Recorded information:

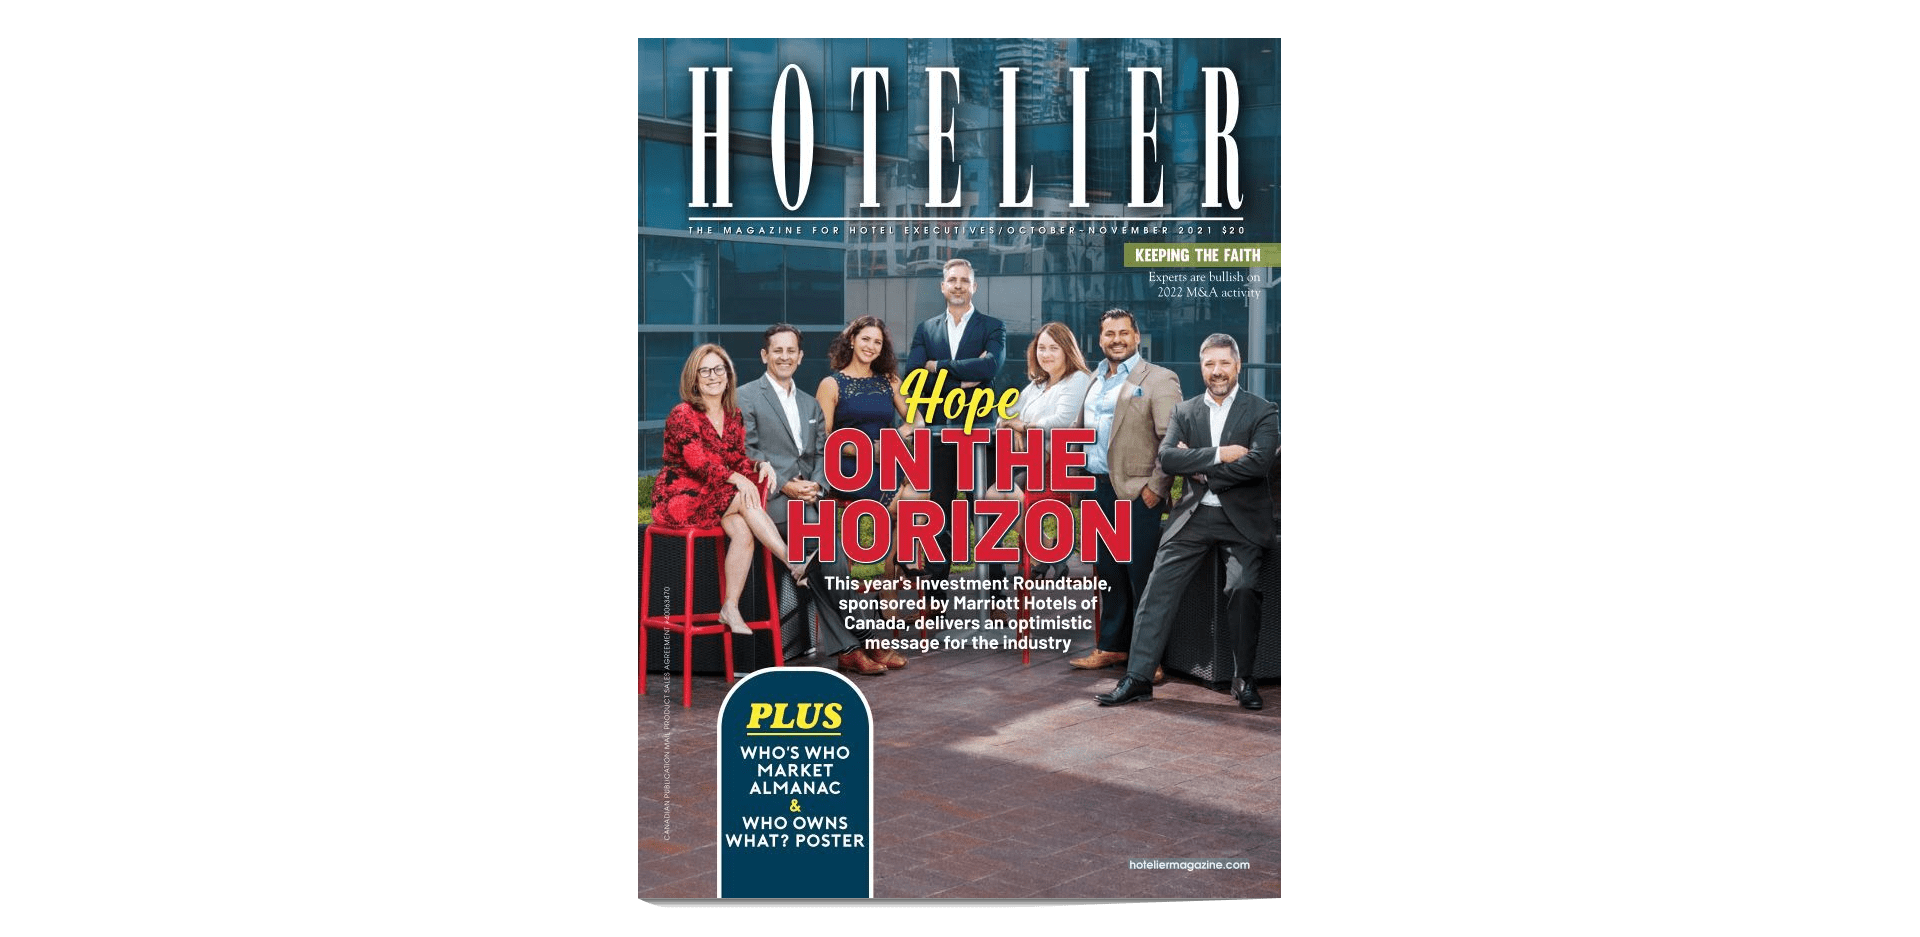 CFO Capital’s participation in this year's Hoteliers Investment Roundtable discussion
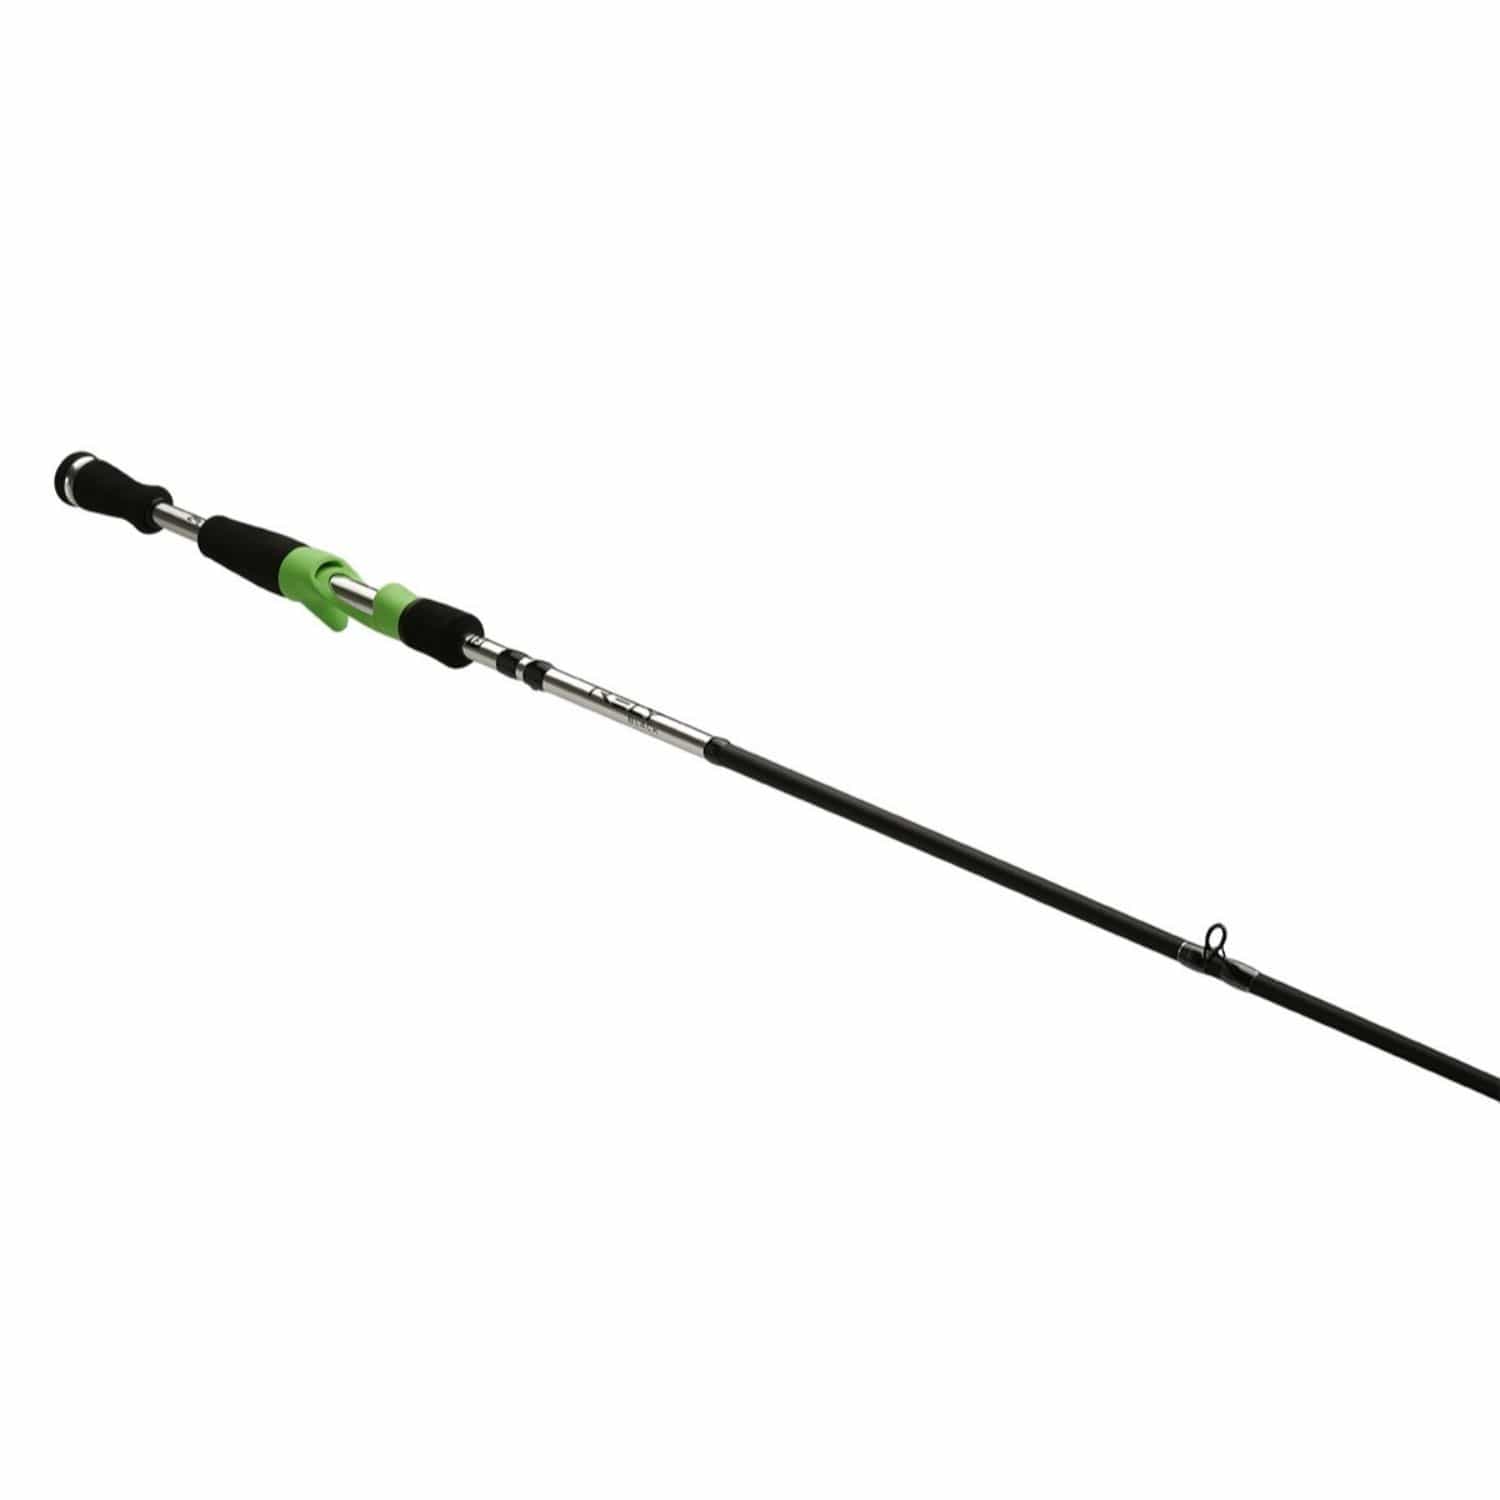 13 Fishing Fishing : Rods 13 Fishing Rely 6 ft 7 in MH Casting Rod
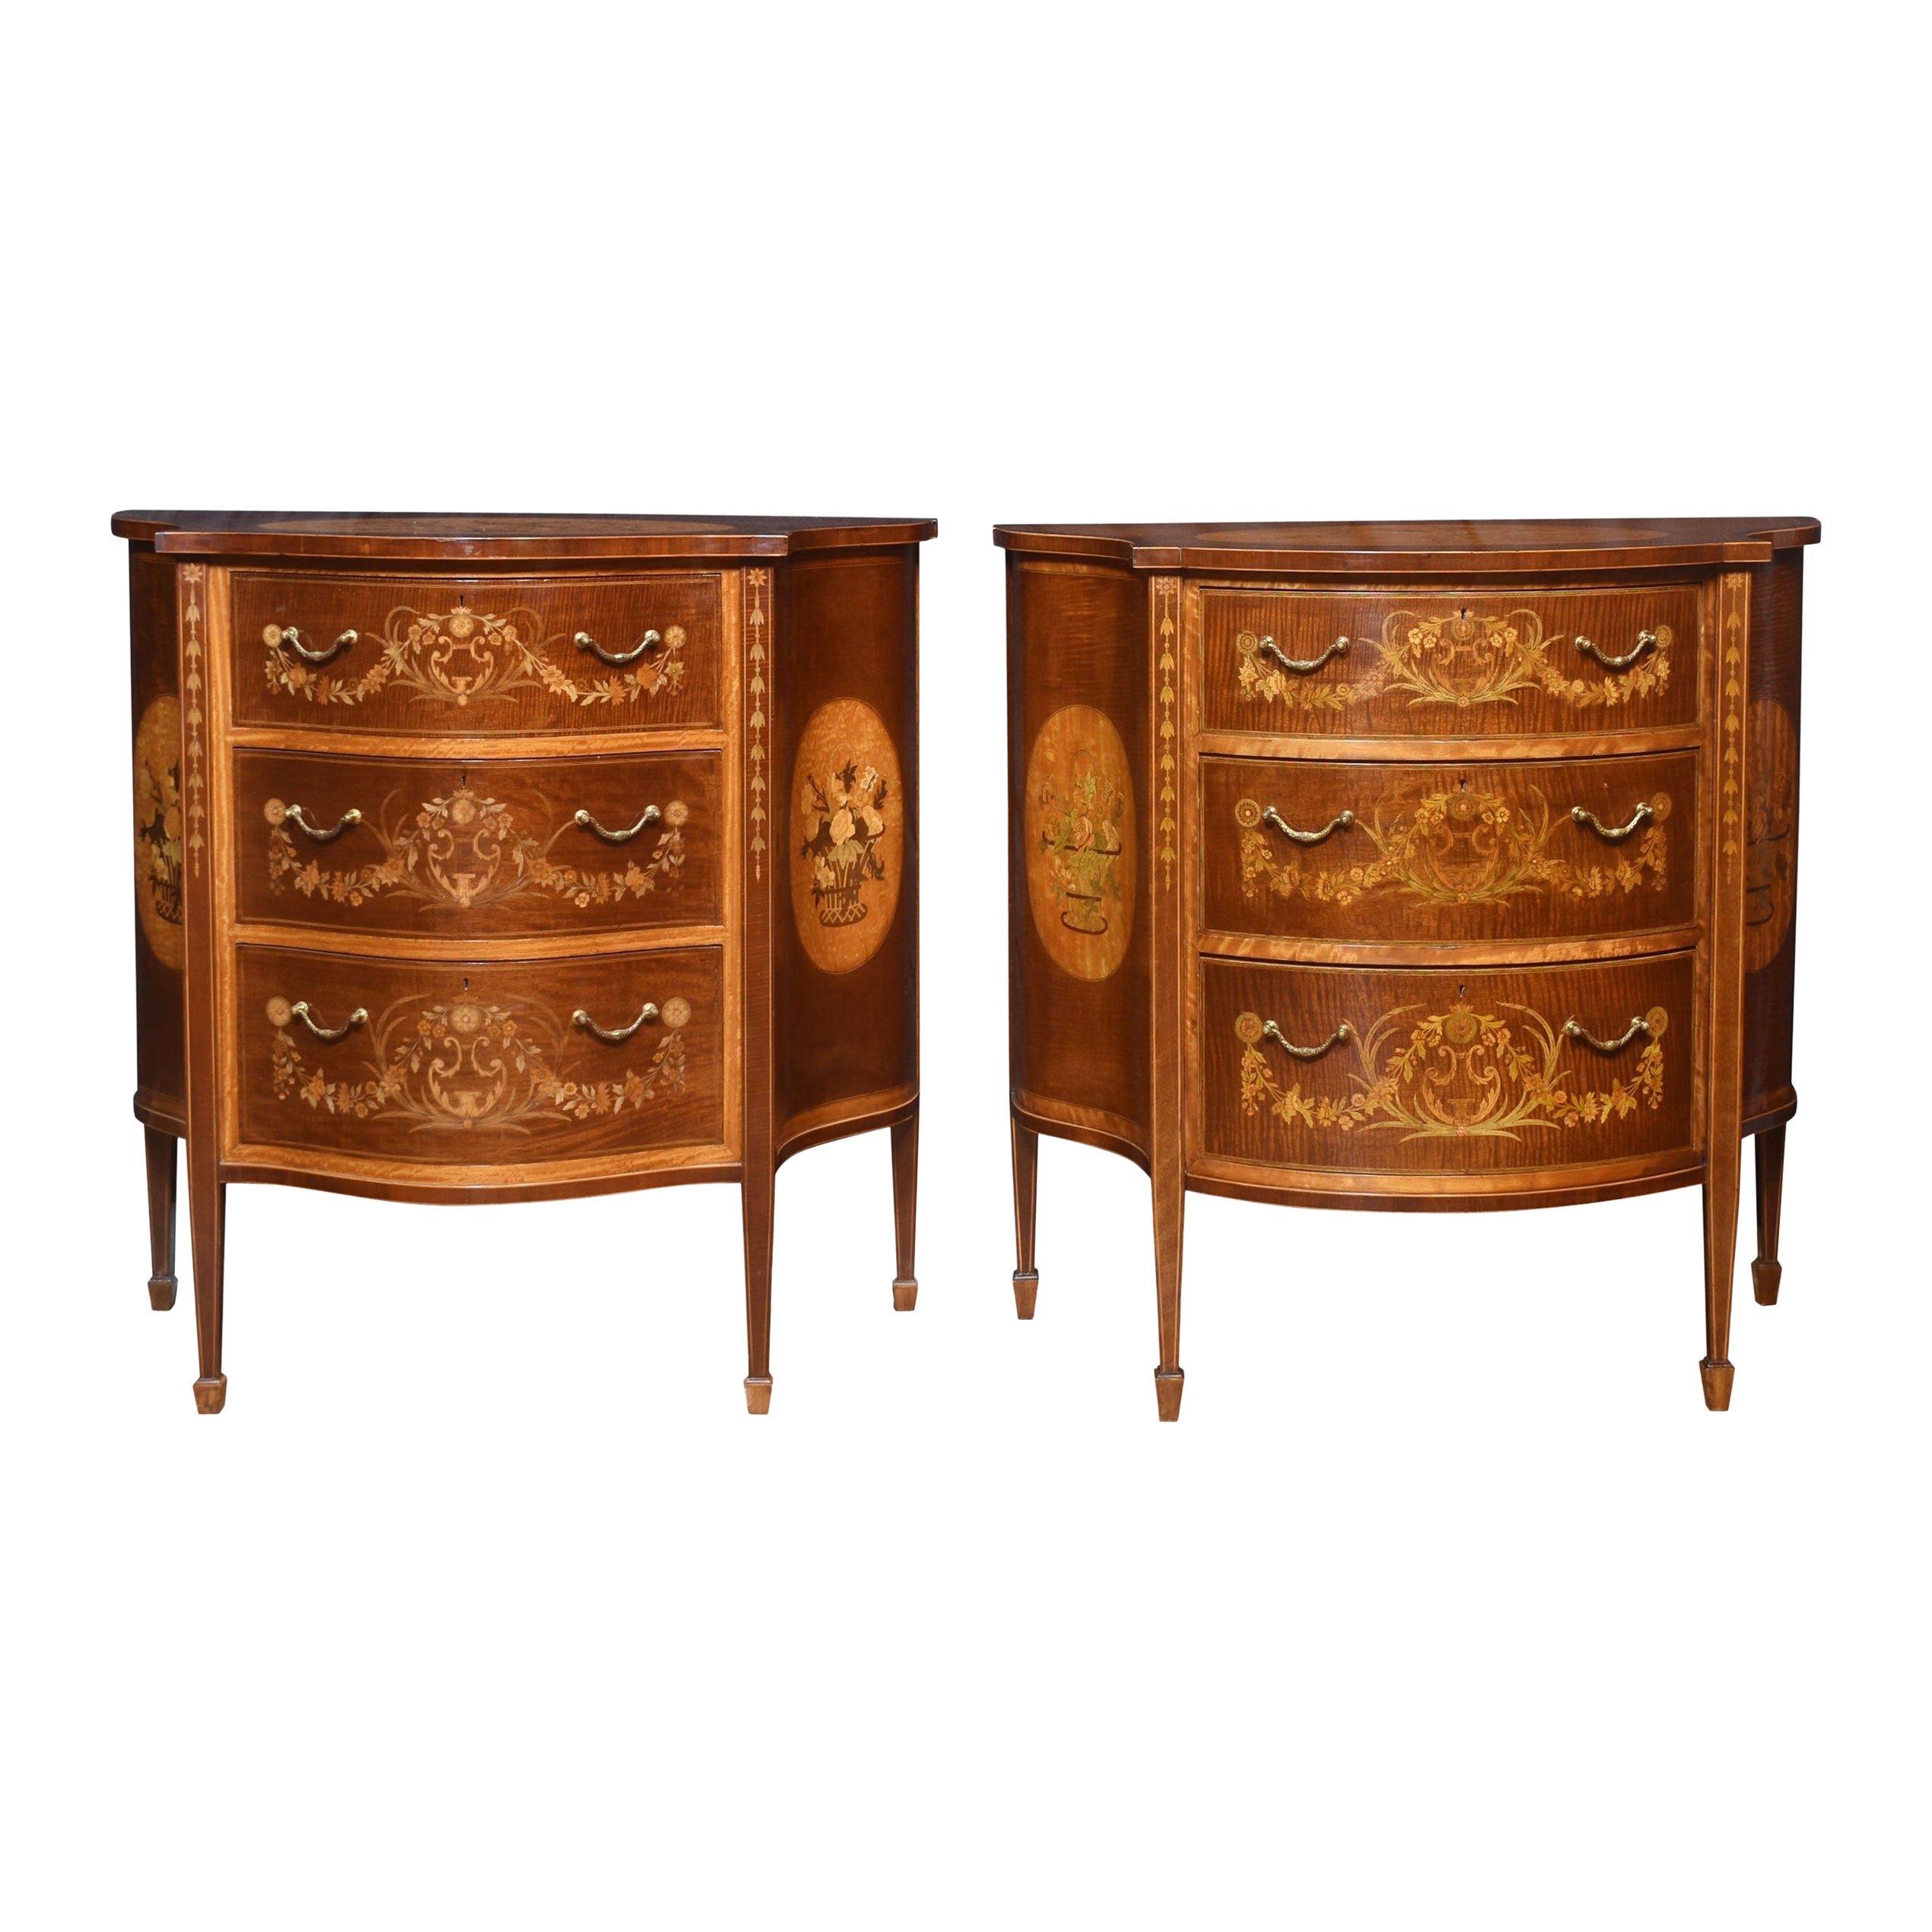 Near Pair of Edwards and Roberts Chest of Drawers
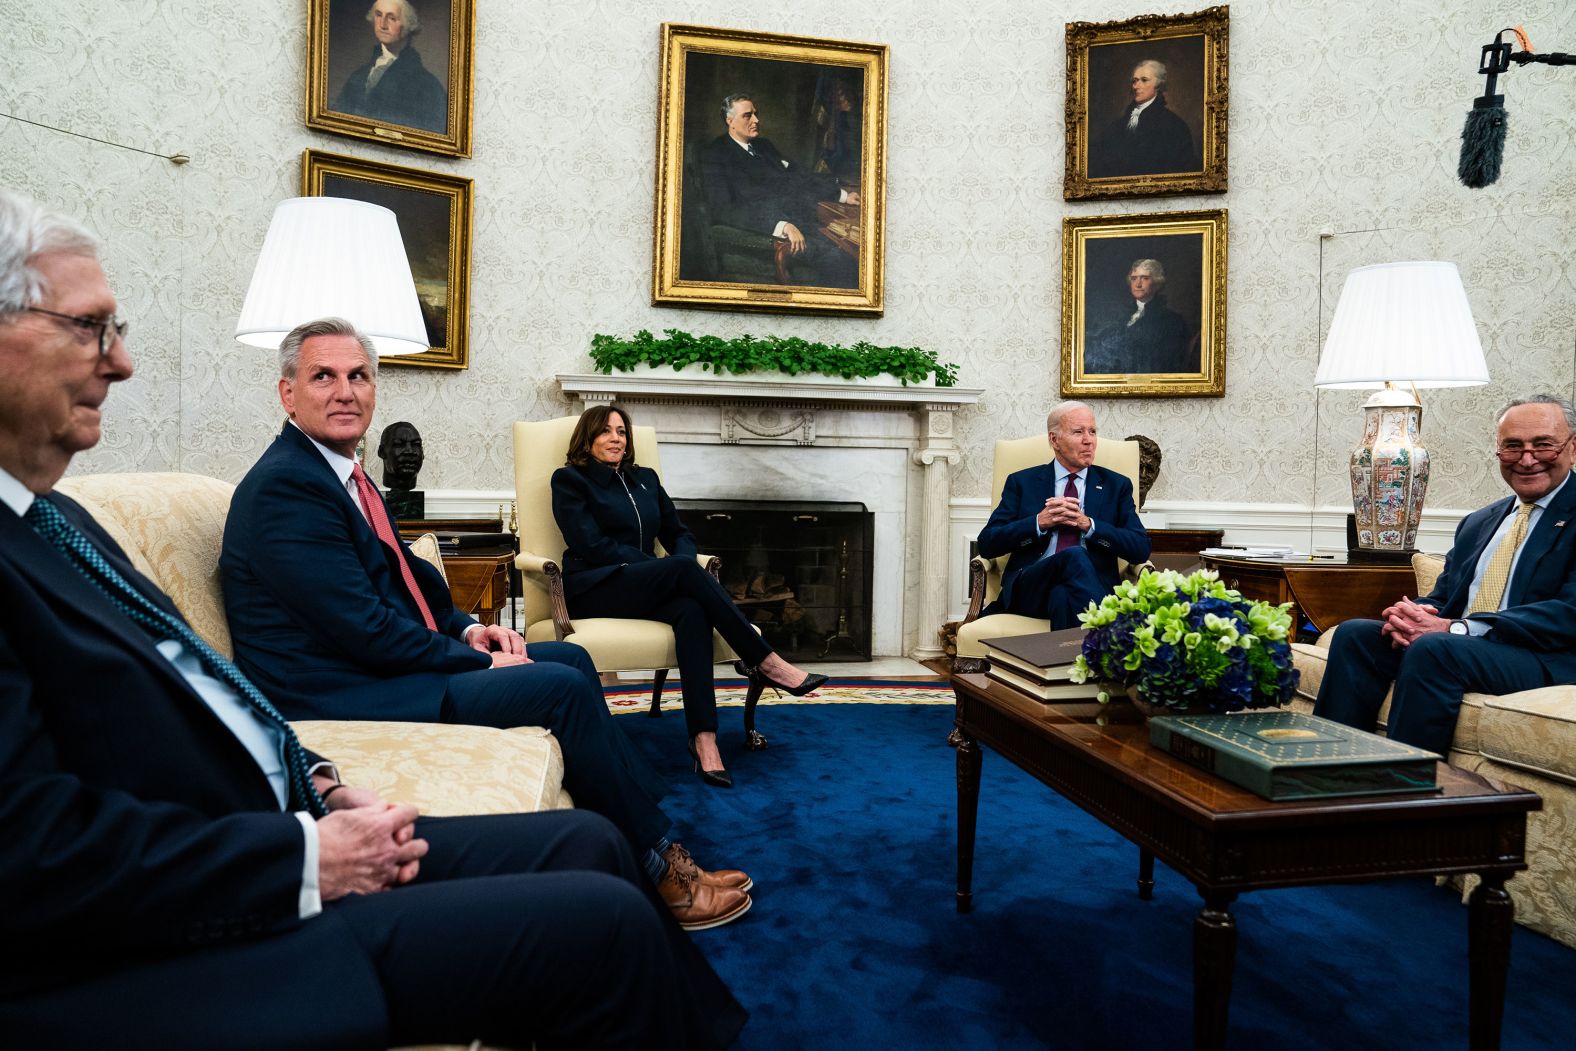 US President Joe Biden, second from right, and Vice President Kamala Harris <a href="index.php?page=&url=https%3A%2F%2Fwww.cnn.com%2F2023%2F05%2F16%2Fpolitics%2Fbiden-kevin-mccarthy-debt-default-negotiations%2Findex.html" target="_blank">meet with congressional leaders</a> in the White House Oval Office on Tuesday, May 16, to talk about a deal to raise the nation's borrowing limit and avoid a historic default. Joining Biden and Harris, from left, are Senate Minority Leader Mitch McConnell, House Speaker Kevin McCarthy and Senate Majority Leader Chuck Schumer.

Work item:
Leave out the pictures. Transcribe the rest of the listing above exactly.

Task result:
 CFO Capital’s participation in this year's Hoteliers Investment Roundtable discussion
 13 Fishing Fishing : Rods 13 Fishing Rely 6 ft 7 in MH Casting Rod
 Near Pair of Edwards and Roberts Chest of Drawers
 US President Joe Biden, second from right, and Vice President Kamala Harris <a href="index.php?page=&url=https%3A%2F%2Fwww.cnn.com%2F2023%2F05%2F16%2Fpolitics%2Fbiden-kevin-mccarthy-debt-default-negotiations%2Findex.html" target="_blank">meet with congressional leaders</a> in the White House Oval Office on Tuesday, May 16, to talk about a deal to raise the nation's borrowing limit and avoid a historic default. Joining Biden and Harris, from left, are Senate Minority Leader Mitch McConnell, House Speaker Kevin McCarthy and Senate Majority Leader Chuck Schumer.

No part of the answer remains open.